╭──

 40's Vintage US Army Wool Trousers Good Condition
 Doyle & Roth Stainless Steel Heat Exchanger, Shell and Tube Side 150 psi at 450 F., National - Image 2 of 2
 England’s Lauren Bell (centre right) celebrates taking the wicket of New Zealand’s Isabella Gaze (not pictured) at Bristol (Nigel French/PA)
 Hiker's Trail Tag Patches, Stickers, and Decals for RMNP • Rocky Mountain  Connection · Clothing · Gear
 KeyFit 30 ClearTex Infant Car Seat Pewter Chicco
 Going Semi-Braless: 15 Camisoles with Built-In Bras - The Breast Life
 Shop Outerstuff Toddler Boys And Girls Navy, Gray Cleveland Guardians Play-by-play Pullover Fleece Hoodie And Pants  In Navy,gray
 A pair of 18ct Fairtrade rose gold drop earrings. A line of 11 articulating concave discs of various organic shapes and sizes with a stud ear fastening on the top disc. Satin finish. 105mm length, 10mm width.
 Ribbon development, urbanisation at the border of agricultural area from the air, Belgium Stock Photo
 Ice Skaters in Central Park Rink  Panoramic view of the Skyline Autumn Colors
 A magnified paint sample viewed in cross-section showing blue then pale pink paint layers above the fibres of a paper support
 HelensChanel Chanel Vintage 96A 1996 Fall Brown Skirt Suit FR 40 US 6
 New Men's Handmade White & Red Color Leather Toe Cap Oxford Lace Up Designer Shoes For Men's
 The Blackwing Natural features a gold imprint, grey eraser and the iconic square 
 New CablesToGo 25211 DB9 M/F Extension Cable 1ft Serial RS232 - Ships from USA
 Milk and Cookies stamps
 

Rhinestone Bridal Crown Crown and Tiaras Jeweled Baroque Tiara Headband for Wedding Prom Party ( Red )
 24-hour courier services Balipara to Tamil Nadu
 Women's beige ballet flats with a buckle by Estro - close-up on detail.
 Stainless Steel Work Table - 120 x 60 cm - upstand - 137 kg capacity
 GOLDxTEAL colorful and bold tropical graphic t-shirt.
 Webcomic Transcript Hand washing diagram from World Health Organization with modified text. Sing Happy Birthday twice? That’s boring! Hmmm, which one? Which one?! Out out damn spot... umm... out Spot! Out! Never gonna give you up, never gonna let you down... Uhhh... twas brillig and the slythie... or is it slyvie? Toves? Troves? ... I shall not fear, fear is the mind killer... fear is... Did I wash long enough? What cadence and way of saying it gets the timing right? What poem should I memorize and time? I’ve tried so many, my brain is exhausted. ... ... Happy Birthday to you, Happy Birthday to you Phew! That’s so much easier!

╰──

Work instructions: Write out every line of the records exactly.

Answer for the task:
 40's Vintage US Army Wool Trousers Good Condition
 Doyle & Roth Stainless Steel Heat Exchanger, Shell and Tube Side 150 psi at 450 F., National - Image 2 of 2
 England’s Lauren Bell (centre right) celebrates taking the wicket of New Zealand’s Isabella Gaze (not pictured) at Bristol (Nigel French/PA)
 Hiker's Trail Tag Patches, Stickers, and Decals for RMNP • Rocky Mountain  Connection · Clothing · Gear
 KeyFit 30 ClearTex Infant Car Seat Pewter Chicco
 Going Semi-Braless: 15 Camisoles with Built-In Bras - The Breast Life
 Shop Outerstuff Toddler Boys And Girls Navy, Gray Cleveland Guardians Play-by-play Pullover Fleece Hoodie And Pants  In Navy,gray
 A pair of 18ct Fairtrade rose gold drop earrings. A line of 11 articulating concave discs of various organic shapes and sizes with a stud ear fastening on the top disc. Satin finish. 105mm length, 10mm width.
 Ribbon development, urbanisation at the border of agricultural area from the air, Belgium Stock Photo
 Ice Skaters in Central Park Rink  Panoramic view of the Skyline Autumn Colors
 A magnified paint sample viewed in cross-section showing blue then pale pink paint layers above the fibres of a paper support
 HelensChanel Chanel Vintage 96A 1996 Fall Brown Skirt Suit FR 40 US 6
 New Men's Handmade White & Red Color Leather Toe Cap Oxford Lace Up Designer Shoes For Men's
 The Blackwing Natural features a gold imprint, grey eraser and the iconic square 
 New CablesToGo 25211 DB9 M/F Extension Cable 1ft Serial RS232 - Ships from USA
 Milk and Cookies stamps
 

Rhinestone Bridal Crown Crown and Tiaras Jeweled Baroque Tiara Headband for Wedding Prom Party ( Red )
 24-hour courier services Balipara to Tamil Nadu
 Women's beige ballet flats with a buckle by Estro - close-up on detail.
 Stainless Steel Work Table - 120 x 60 cm - upstand - 137 kg capacity
 GOLDxTEAL colorful and bold tropical graphic t-shirt.
 Webcomic Transcript Hand washing diagram from World Health Organization with modified text. Sing Happy Birthday twice? That’s boring! Hmmm, which one? Which one?! Out out damn spot... umm... out Spot! Out! Never gonna give you up, never gonna let you down... Uhhh... twas brillig and the slythie... or is it slyvie? Toves? Troves? ... I shall not fear, fear is the mind killer... fear is... Did I wash long enough? What cadence and way of saying it gets the timing right? What poem should I memorize and time? I’ve tried so many, my brain is exhausted. ... ... Happy Birthday to you, Happy Birthday to you Phew! That’s so much easier!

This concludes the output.